GOAL OF THE EXERCISE.
Using the entries below, output each line exactly from the first through the one that contains "Veraltete Kohle Pflanze".

DATA SHOWN.
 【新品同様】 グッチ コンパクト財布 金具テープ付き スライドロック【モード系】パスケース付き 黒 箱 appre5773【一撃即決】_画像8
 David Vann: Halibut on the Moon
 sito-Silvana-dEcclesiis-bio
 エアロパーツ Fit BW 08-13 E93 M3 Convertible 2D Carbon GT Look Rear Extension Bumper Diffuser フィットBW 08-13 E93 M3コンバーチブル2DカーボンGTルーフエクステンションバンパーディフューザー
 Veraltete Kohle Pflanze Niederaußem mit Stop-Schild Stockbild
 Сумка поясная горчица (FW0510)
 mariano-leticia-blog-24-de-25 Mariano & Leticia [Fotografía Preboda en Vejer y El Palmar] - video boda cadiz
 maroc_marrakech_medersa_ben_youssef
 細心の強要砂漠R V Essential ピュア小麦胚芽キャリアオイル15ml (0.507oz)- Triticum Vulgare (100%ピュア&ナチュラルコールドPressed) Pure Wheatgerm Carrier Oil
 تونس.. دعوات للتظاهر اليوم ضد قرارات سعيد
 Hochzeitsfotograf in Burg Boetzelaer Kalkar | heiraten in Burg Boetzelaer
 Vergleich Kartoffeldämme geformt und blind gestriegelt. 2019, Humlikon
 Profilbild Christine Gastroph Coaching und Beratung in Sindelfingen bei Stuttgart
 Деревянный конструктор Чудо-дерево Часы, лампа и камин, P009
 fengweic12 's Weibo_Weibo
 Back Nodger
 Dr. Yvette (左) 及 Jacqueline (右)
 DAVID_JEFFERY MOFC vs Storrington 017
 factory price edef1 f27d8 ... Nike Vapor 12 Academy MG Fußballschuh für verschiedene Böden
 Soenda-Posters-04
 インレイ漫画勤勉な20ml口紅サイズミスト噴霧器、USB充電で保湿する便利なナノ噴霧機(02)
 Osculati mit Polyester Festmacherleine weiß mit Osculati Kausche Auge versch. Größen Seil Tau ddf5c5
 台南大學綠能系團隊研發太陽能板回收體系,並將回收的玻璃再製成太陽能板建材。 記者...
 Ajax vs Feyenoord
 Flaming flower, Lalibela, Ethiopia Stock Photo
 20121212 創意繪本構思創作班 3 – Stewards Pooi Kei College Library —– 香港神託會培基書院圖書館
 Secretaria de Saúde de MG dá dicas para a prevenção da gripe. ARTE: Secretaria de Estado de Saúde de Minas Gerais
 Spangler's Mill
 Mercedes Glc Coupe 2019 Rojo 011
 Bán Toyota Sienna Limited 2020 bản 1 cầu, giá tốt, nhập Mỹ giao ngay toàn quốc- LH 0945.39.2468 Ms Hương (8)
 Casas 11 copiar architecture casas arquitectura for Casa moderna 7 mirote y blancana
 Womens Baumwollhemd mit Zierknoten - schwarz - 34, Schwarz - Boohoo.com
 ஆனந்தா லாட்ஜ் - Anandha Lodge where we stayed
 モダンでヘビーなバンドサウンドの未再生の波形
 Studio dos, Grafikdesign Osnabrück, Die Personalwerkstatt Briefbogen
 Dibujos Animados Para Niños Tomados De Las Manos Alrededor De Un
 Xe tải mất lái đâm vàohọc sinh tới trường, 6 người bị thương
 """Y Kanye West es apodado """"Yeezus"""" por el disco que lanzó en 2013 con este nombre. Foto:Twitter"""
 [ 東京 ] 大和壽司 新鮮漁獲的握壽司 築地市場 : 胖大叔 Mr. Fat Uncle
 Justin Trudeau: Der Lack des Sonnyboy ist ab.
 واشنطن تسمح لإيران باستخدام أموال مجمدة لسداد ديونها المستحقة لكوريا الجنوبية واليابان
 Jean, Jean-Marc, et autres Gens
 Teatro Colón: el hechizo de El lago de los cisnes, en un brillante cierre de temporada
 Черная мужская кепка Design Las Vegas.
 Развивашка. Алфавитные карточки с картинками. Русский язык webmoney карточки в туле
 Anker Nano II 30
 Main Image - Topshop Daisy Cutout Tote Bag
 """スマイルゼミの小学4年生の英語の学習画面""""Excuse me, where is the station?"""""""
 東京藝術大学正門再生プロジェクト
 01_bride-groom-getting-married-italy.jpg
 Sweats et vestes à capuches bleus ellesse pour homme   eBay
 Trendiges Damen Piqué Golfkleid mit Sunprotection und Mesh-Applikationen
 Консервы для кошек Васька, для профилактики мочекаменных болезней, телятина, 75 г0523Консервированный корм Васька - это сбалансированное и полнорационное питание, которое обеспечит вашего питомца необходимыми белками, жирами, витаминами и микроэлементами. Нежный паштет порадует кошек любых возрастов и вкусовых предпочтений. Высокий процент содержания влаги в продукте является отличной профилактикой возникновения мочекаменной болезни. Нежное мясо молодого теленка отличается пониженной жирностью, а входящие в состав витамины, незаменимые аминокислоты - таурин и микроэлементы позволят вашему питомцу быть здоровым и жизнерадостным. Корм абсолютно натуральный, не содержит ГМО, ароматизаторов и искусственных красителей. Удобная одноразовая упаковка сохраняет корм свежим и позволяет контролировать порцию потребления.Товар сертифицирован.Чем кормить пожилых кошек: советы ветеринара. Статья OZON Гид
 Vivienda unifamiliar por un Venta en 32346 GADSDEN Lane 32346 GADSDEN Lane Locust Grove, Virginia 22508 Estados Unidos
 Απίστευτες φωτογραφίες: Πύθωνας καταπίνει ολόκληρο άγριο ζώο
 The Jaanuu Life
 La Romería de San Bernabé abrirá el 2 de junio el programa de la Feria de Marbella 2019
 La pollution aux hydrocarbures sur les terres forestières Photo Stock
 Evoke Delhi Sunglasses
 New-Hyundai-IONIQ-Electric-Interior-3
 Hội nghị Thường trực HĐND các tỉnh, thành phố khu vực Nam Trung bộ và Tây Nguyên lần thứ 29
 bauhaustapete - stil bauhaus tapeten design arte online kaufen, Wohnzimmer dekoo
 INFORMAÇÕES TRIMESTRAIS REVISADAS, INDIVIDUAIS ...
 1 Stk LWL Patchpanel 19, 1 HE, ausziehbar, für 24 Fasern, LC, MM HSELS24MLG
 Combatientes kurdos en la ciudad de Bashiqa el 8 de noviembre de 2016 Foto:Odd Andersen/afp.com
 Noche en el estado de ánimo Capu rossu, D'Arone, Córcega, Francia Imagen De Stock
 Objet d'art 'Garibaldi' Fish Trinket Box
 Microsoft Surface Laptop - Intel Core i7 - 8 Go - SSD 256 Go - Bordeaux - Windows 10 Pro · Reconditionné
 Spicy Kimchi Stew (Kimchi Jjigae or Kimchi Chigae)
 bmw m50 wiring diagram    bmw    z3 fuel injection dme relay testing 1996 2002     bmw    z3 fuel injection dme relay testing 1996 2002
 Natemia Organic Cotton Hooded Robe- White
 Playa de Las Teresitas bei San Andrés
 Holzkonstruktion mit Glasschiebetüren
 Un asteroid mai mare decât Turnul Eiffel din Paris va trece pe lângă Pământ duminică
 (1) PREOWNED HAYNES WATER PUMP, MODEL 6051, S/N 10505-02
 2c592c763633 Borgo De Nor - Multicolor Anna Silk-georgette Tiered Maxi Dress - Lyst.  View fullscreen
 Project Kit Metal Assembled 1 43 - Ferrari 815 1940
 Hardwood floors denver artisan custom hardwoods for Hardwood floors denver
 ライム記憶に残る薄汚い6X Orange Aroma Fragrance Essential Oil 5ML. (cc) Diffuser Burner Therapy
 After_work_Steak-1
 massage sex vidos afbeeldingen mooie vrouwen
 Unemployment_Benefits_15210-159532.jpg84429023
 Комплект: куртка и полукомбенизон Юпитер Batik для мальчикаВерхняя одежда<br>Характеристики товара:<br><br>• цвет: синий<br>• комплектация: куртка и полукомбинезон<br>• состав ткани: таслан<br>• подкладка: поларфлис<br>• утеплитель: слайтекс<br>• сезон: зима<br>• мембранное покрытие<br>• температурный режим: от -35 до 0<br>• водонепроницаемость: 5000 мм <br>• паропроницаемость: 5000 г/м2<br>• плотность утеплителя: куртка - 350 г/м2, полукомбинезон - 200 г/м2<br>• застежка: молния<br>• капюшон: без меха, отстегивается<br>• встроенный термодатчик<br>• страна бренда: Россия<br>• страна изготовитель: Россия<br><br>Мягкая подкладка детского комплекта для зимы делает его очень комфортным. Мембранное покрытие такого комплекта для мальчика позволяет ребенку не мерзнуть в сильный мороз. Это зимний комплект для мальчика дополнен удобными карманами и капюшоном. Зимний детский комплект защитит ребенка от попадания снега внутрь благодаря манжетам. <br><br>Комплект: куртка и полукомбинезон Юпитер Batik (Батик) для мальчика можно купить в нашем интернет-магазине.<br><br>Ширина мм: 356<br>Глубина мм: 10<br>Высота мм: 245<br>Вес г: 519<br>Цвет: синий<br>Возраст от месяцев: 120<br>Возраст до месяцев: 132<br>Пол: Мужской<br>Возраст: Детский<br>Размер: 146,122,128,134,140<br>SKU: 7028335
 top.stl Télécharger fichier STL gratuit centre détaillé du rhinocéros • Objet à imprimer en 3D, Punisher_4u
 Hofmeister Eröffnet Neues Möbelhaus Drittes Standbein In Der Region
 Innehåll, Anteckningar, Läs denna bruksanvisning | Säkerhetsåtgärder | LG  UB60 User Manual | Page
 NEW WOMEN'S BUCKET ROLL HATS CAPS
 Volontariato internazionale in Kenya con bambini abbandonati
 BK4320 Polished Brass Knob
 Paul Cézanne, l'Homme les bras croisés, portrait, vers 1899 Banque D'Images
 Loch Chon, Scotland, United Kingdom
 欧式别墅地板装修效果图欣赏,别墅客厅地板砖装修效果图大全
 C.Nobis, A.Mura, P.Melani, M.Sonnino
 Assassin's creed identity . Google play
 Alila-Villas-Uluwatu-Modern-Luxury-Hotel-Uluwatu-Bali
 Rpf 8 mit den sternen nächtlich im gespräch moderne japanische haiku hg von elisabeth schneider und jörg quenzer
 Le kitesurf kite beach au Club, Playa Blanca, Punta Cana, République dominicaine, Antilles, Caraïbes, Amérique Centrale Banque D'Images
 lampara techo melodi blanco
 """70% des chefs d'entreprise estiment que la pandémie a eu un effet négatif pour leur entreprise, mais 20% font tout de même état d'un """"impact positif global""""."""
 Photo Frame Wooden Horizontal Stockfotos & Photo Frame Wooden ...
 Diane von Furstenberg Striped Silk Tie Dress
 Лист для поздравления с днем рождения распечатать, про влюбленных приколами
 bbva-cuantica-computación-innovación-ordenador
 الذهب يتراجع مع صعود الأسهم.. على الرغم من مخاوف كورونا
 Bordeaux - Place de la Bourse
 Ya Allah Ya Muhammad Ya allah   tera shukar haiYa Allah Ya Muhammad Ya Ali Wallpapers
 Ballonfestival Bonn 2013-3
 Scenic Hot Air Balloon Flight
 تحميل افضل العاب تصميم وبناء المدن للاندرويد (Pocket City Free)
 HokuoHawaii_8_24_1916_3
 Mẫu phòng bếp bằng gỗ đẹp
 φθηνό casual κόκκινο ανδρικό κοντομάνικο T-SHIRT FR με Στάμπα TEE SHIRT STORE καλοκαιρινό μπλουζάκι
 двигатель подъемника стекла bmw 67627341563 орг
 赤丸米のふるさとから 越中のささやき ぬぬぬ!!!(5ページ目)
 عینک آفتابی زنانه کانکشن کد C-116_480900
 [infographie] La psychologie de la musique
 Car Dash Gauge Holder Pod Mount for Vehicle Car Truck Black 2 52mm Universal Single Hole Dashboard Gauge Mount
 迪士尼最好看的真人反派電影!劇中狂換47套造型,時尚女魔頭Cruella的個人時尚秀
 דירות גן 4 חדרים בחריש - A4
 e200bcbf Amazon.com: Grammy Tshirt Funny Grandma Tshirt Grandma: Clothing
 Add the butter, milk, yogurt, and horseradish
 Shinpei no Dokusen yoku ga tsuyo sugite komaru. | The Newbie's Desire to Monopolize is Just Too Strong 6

SOLUTION TO THIS EXERCISE.
 【新品同様】 グッチ コンパクト財布 金具テープ付き スライドロック【モード系】パスケース付き 黒 箱 appre5773【一撃即決】_画像8
 David Vann: Halibut on the Moon
 sito-Silvana-dEcclesiis-bio
 エアロパーツ Fit BW 08-13 E93 M3 Convertible 2D Carbon GT Look Rear Extension Bumper Diffuser フィットBW 08-13 E93 M3コンバーチブル2DカーボンGTルーフエクステンションバンパーディフューザー
 Veraltete Kohle Pflanze Niederaußem mit Stop-Schild Stockbild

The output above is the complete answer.